Both credit assessors said further downgrades are possible as the bank faces deposit outflows that could affect its liquidity profile and ramps up wholesale borrowing.

First Republic Bank was cut to junk by S&P Global Ratings and Fitch Ratings amid concern that clients pull holdings from the lender, even after U.S. regulators pledged support for the banking sector.

The California-based bank’s credit rating was lowered by S&P to BB+ from A- by, and it remains on credit watch negative, according to a statement Wednesday. Shortly after, Fitch cut the bank to BB from A-, a step below the S&P rating, and placed it on a negative rating watch.

Both credit assessors said further downgrades are possible as First Republic faces deposit outflows that could affect its liquidity profile and ramps up wholesale borrowing.

“The bank’s business position will suffer after the volatile swings in its stock price and heightened media attention surrounding deposit volatility,” S&P analysts Nicholas Wetzel and Rian Pressman wrote. “Its business stability has weakened as market perceptions of its creditworthiness have declined.”

Shares of First Republic slumped by as much as 26% Wednesday, with other regional banks also lower in another volatile day of trading. First Republic pared the drop to 17% at $33 per share, as of 12:07 p.m. in New York.

A spokesperson for First Republic Bank declined to comment on the rating cuts.

The downgrades from two major credit-rating companies officially move the bank to the high-yield market, a rare designation for financial institutions. Moody’s Investors Service placed the bank — along with five other lenders — on review for downgrade earlier in the week.

S&P expects the lender to ramp up wholesale funding in the aftermath of collapses at Silvergate Capital Corp., Silicon Valley Bank and Signature Bank. The move stands to hit both interest margin and profitability, the analysts wrote. Silicon Valley Bank’s rating was lowered and withdrawn by S&P after the lender was taken over by FDIC.

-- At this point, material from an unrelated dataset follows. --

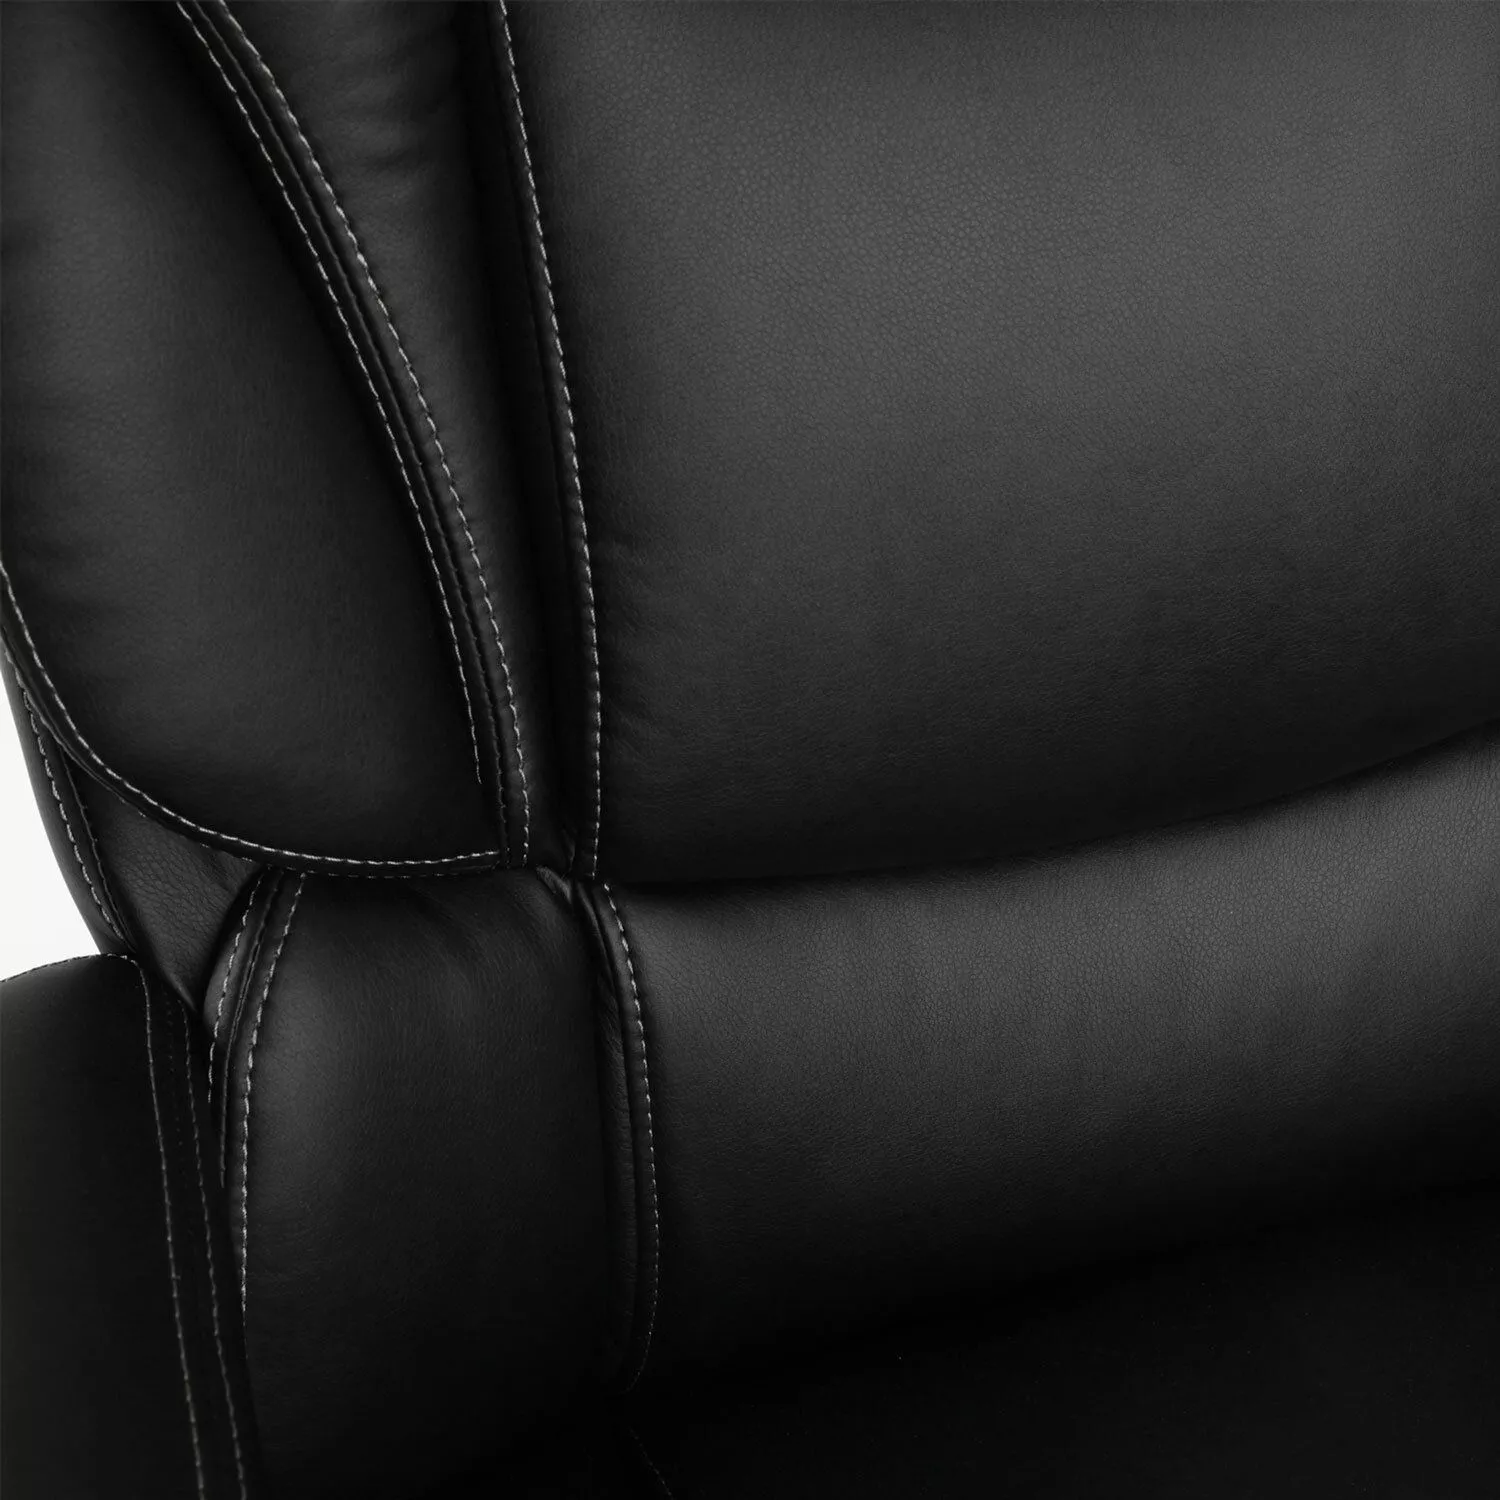 Кресло офисное для руководителя BRABIX PREMIUM Rest EX-555 Черный 531938

“First Republic’s total profitability is more weighted toward net interest income than most regional bank peers since its fee income (mostly fees related to wealth management) is less than 20% of total profit,” the S&P analysts wrote.

Fitch, meanwhile, said the bank’s positioning in municipal bonds and a deposit base being focused on “wealthy and financially sophisticated customers” also constrains the rating.

The lender’s “deposit concentrations are now viewed as a rating weakness,” Fitch analysts Johann Moller and Michael Shepherd wrote in a Wednesday statement.

In the wake of the collapse of SVB, U.S. regulators put together an emergency package of support for financial institutions, designed to prevent any further failures.